*Exercise objective*: From the line containing "Staff Umi Arifiyyah, S.Pd" through the last line of the listing, output each line exactly as it stands. Omit pictures.

*** Collected material ***

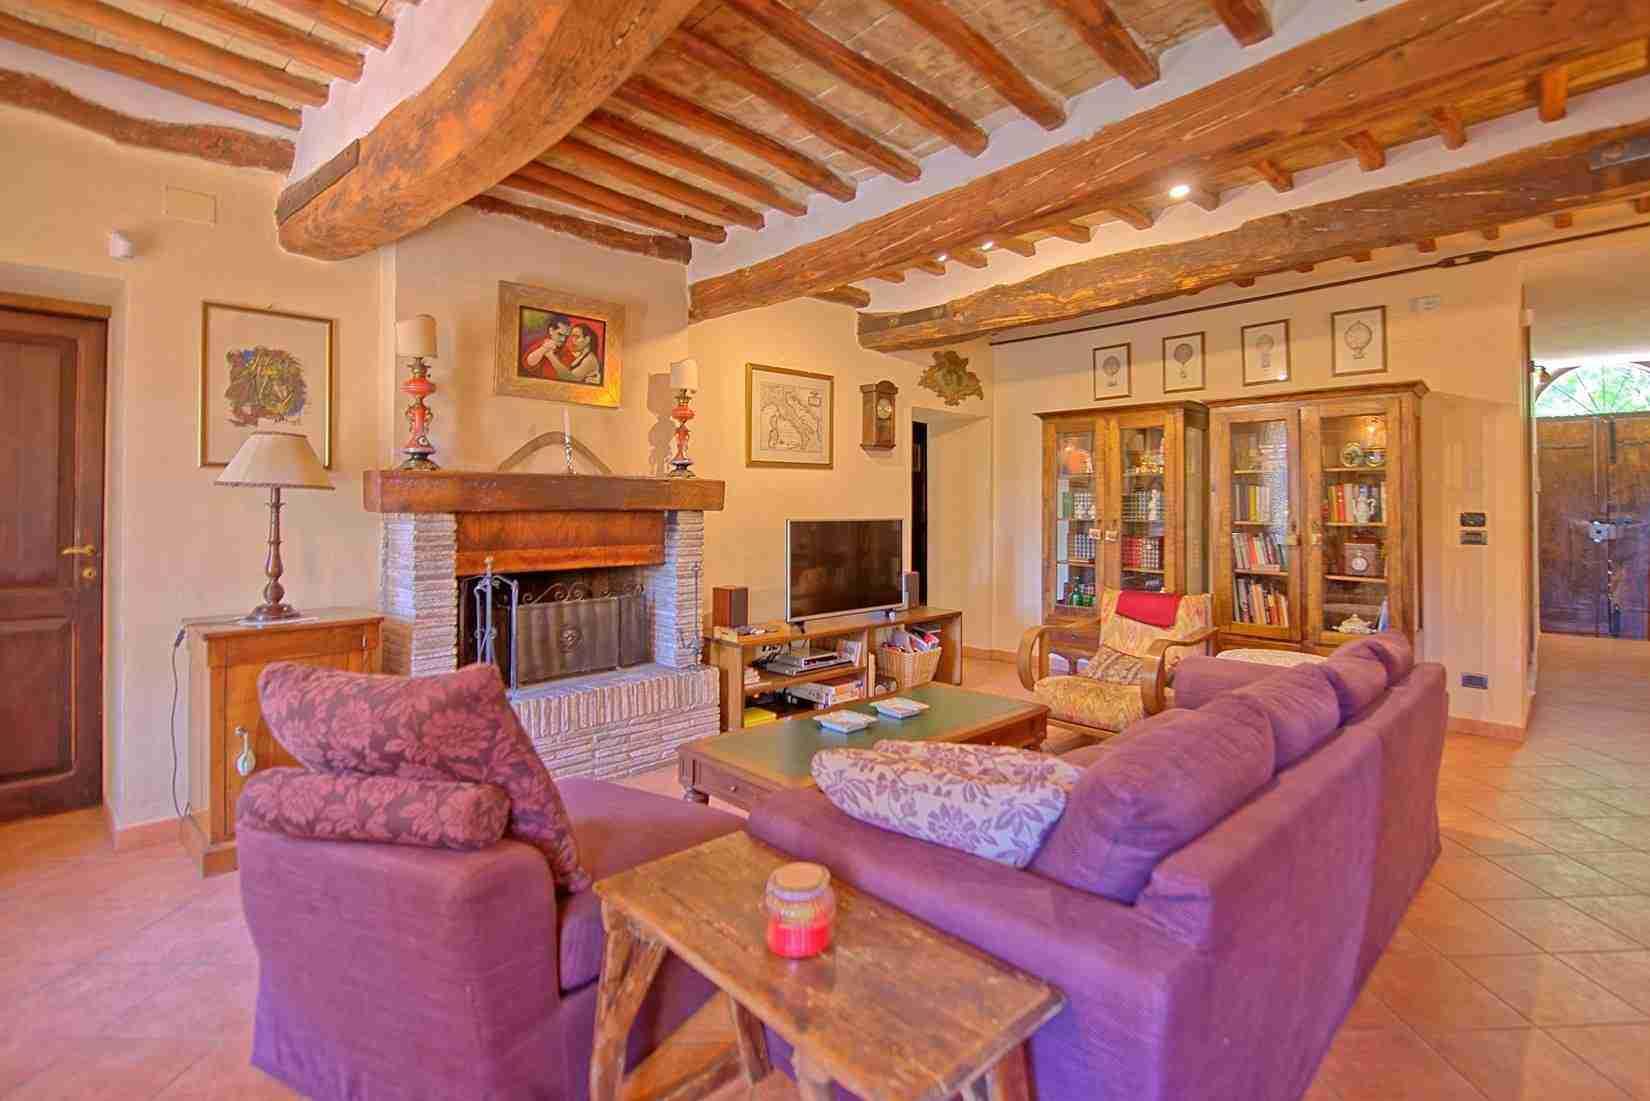 9 Clara living room
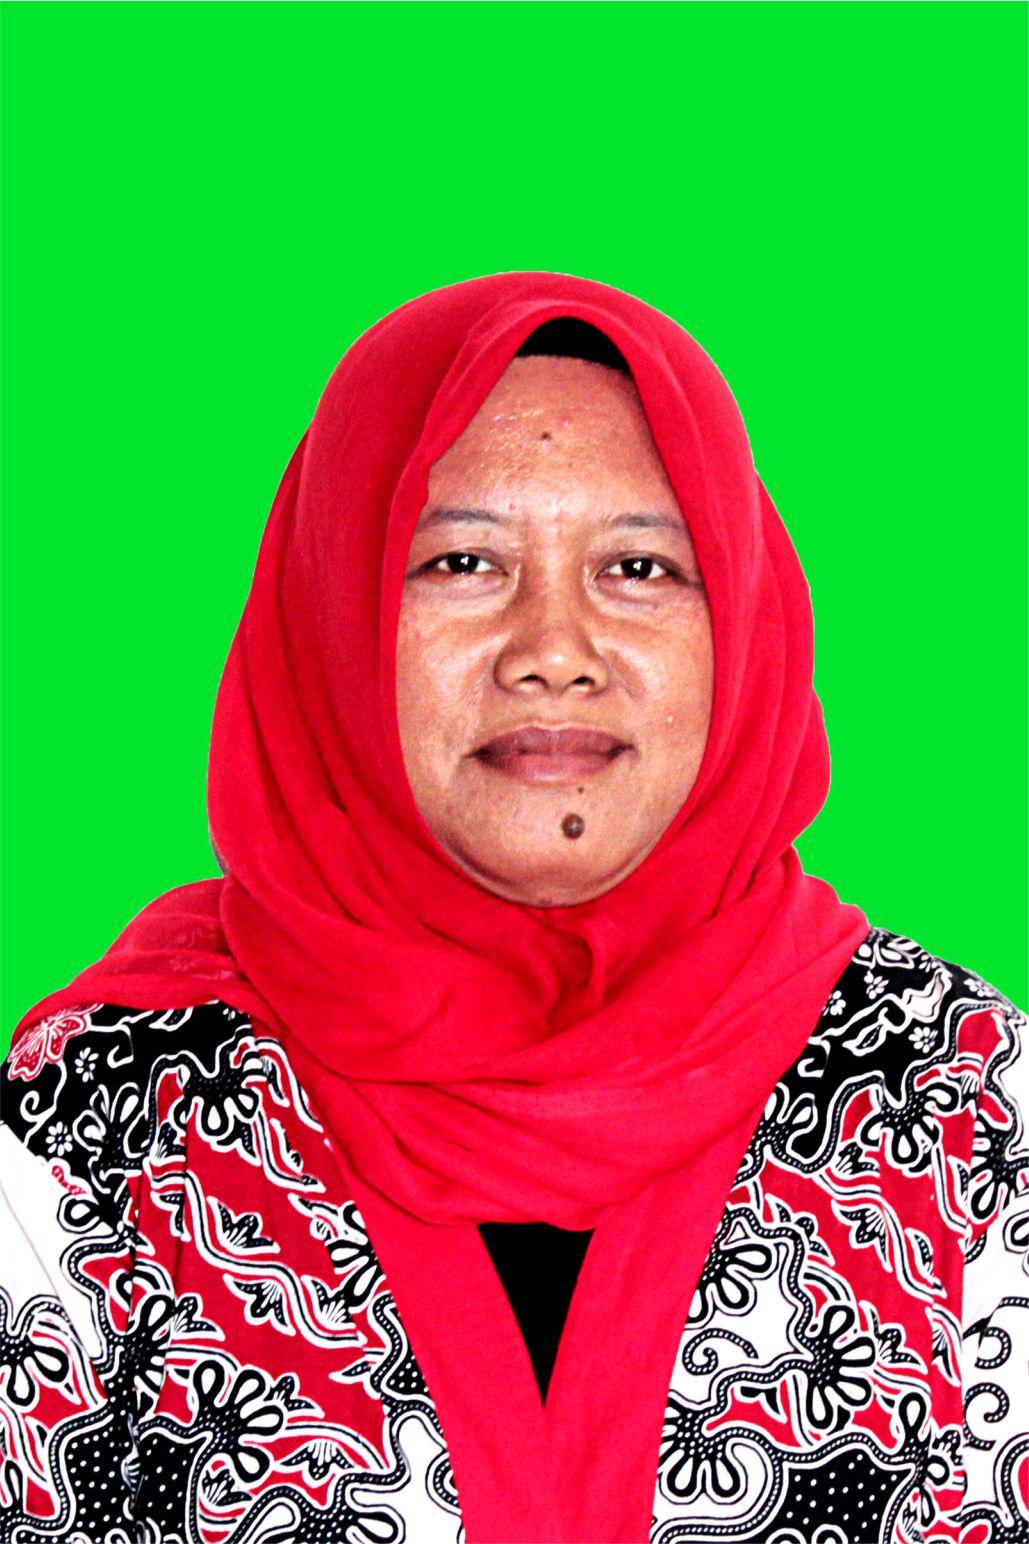 Staff Umi Arifiyyah, S.Pd SMK Taruna Harapan 1 Cipatat
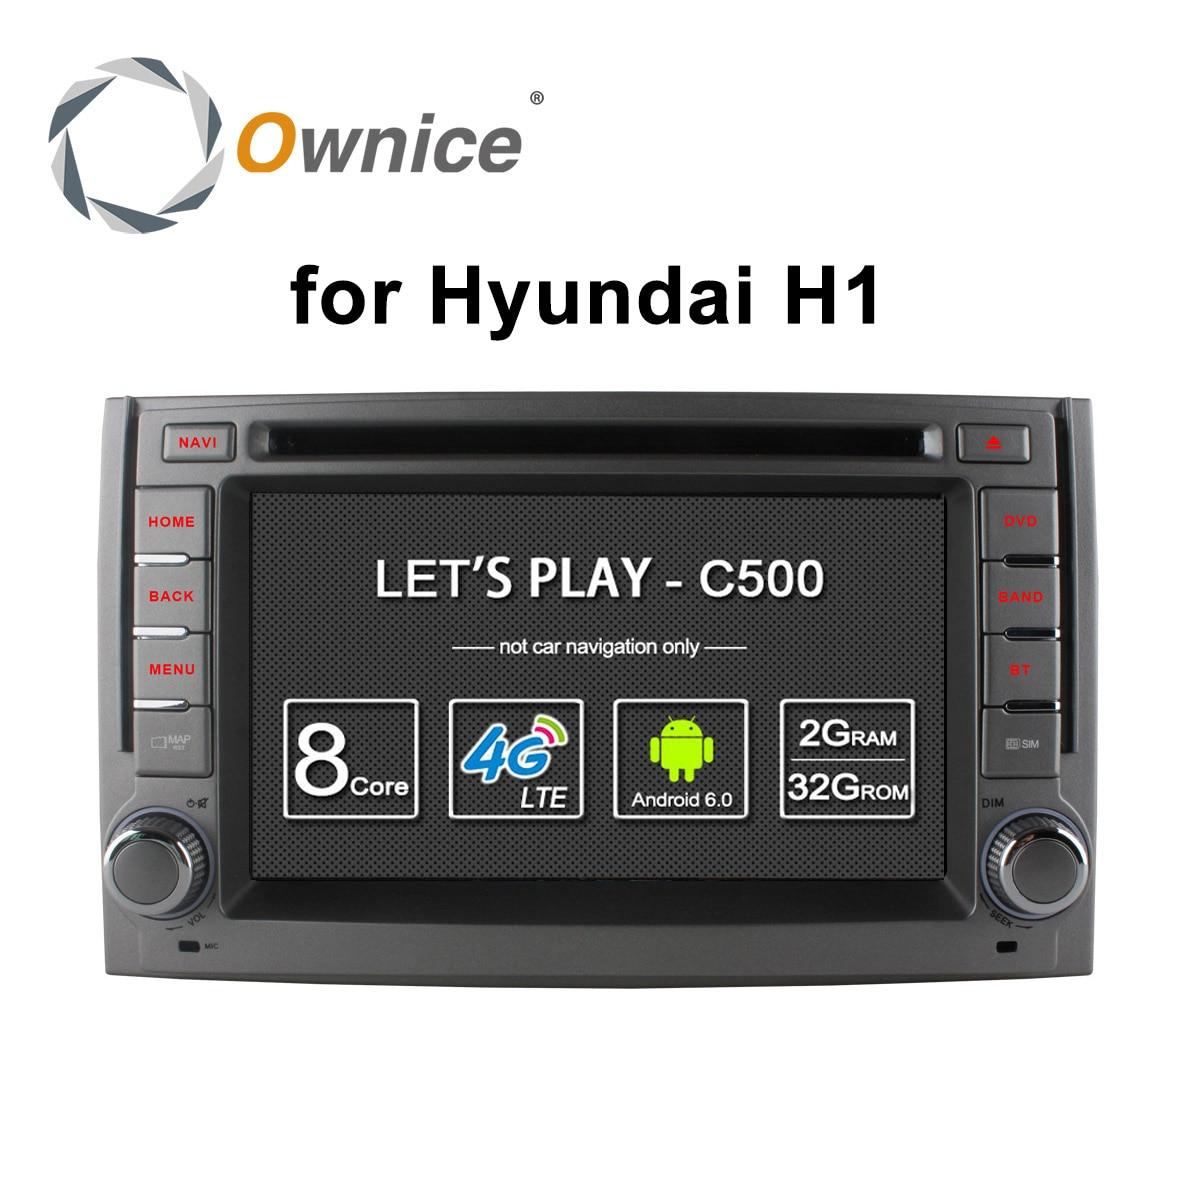 4G SIM LTE Octa Core Android 6.0 Car DVD player GPS Navi for Hyundai H1 Grand Starex 2007 - 2015 2GB RAM  16GB ROM support DAB+
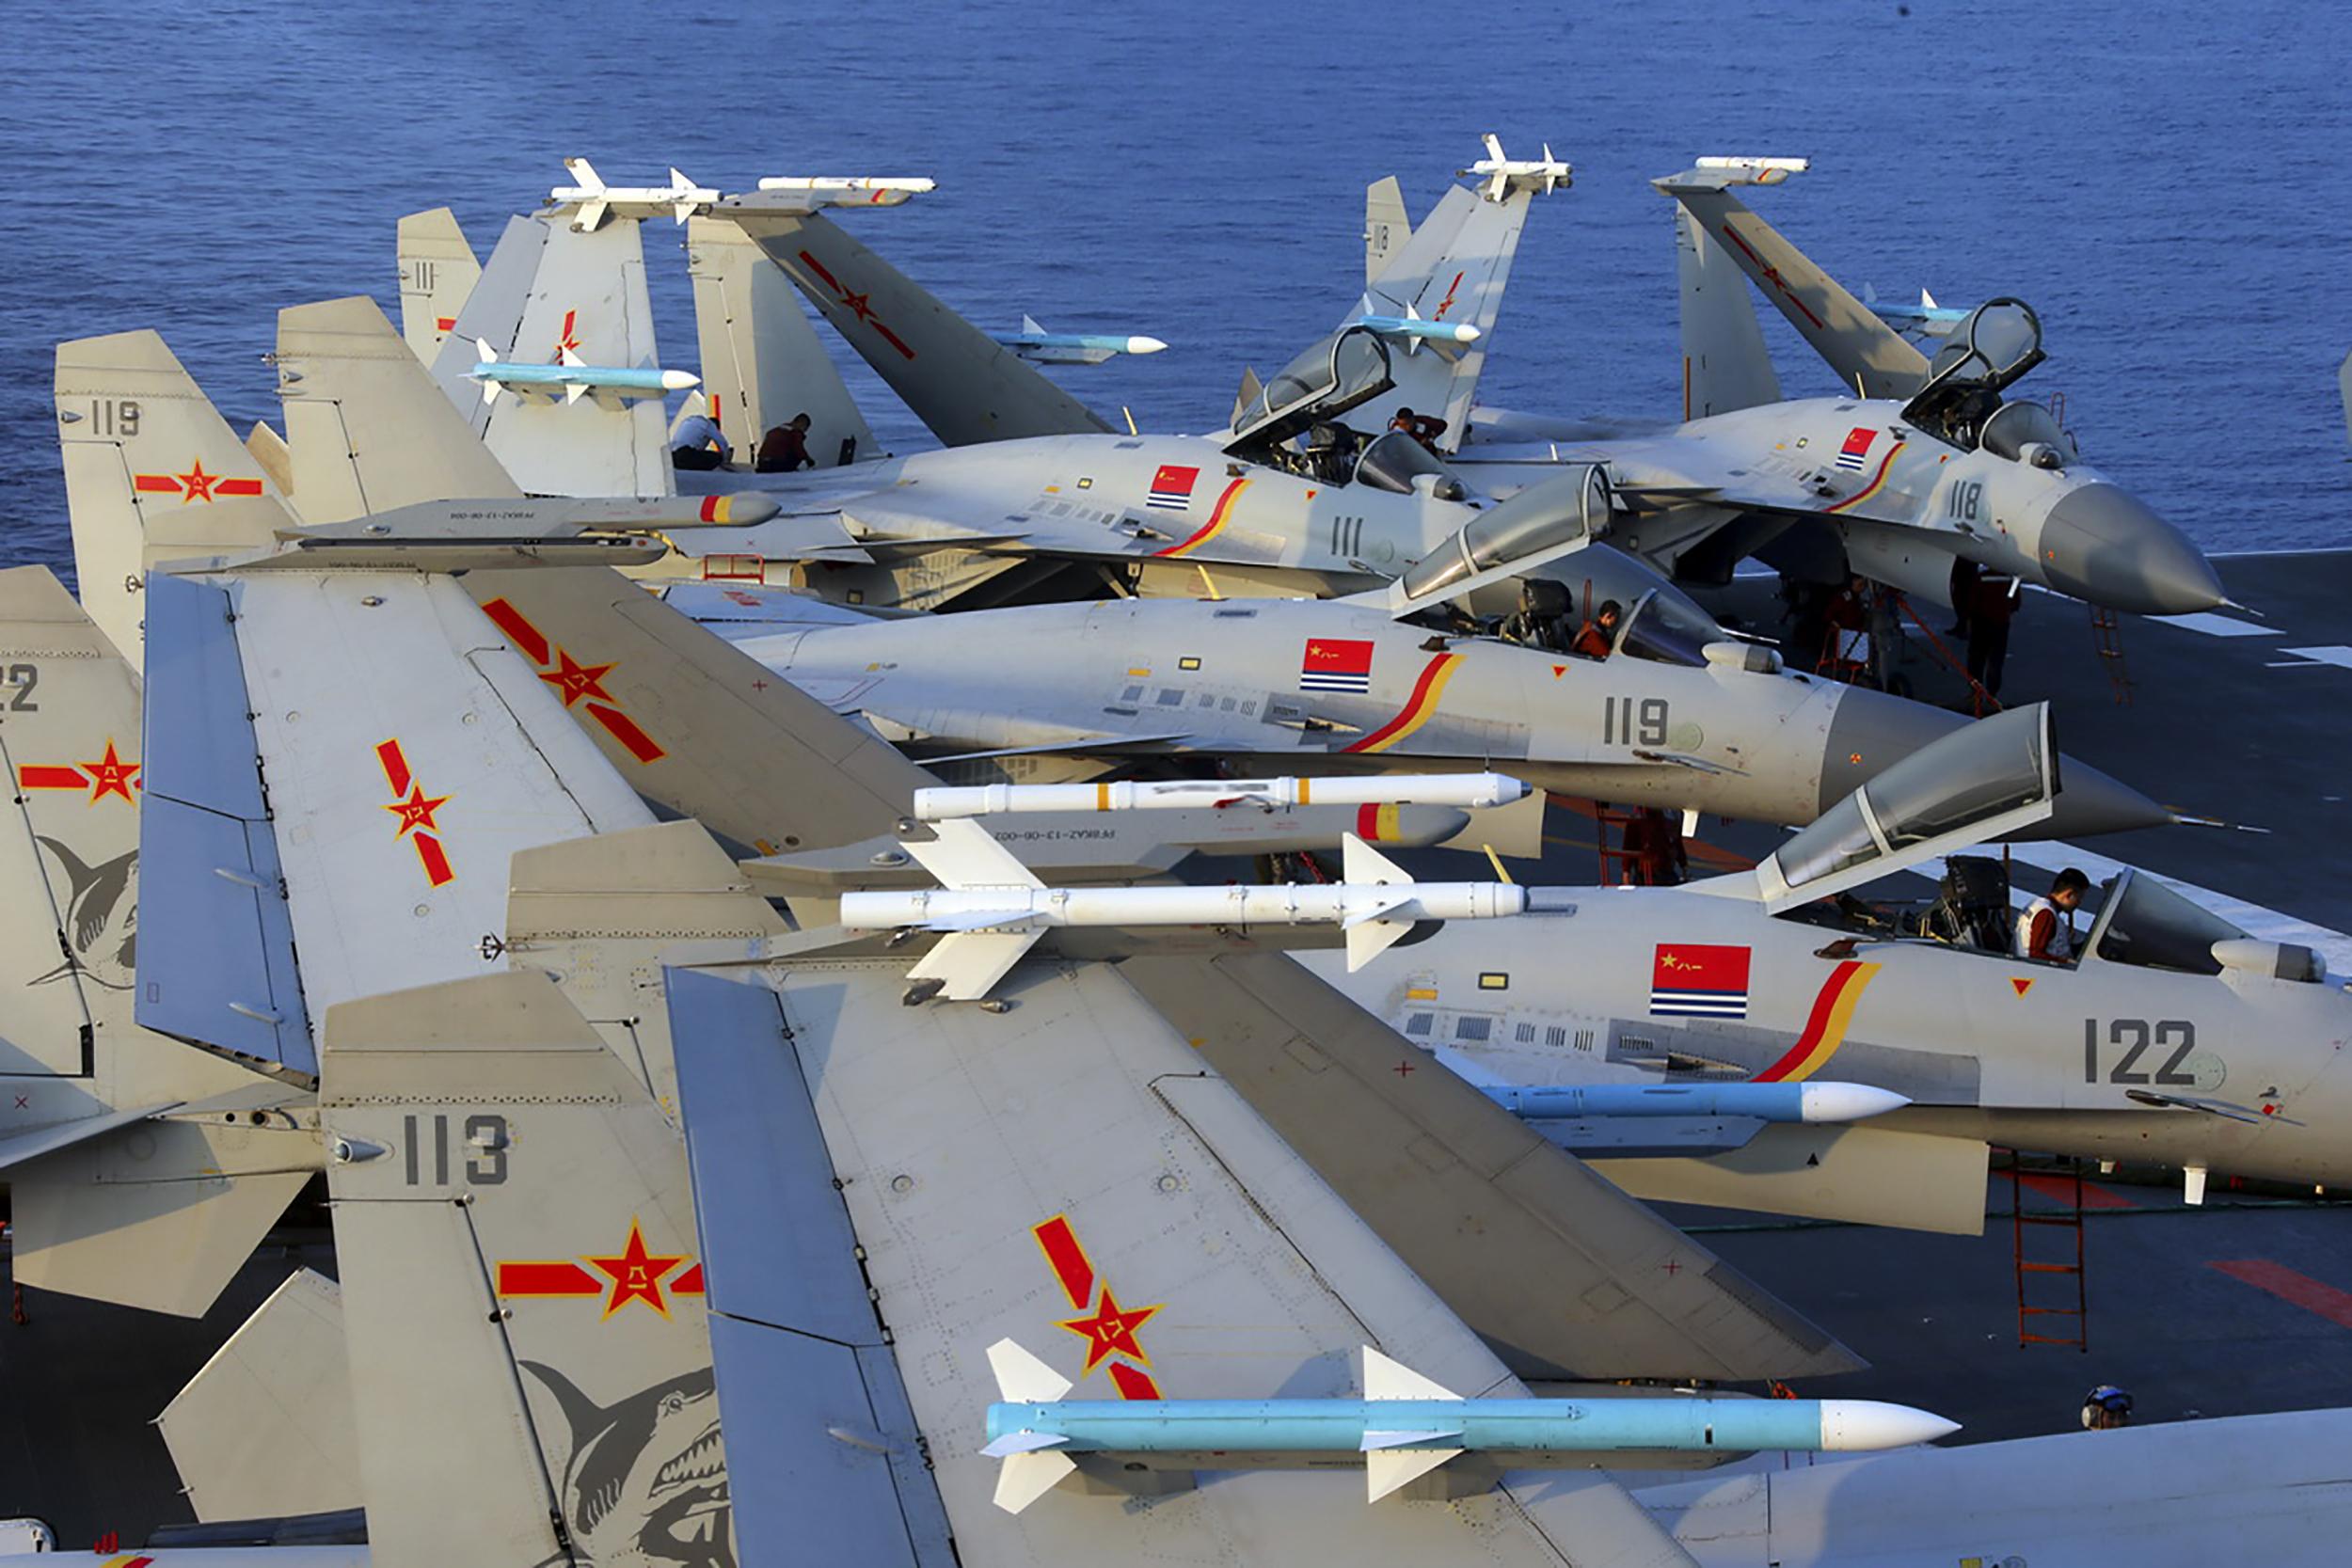 China military planes

***

*Output below*:
 Staff Umi Arifiyyah, S.Pd SMK Taruna Harapan 1 Cipatat
 4G SIM LTE Octa Core Android 6.0 Car DVD player GPS Navi for Hyundai H1 Grand Starex 2007 - 2015 2GB RAM  16GB ROM support DAB+
 China military planes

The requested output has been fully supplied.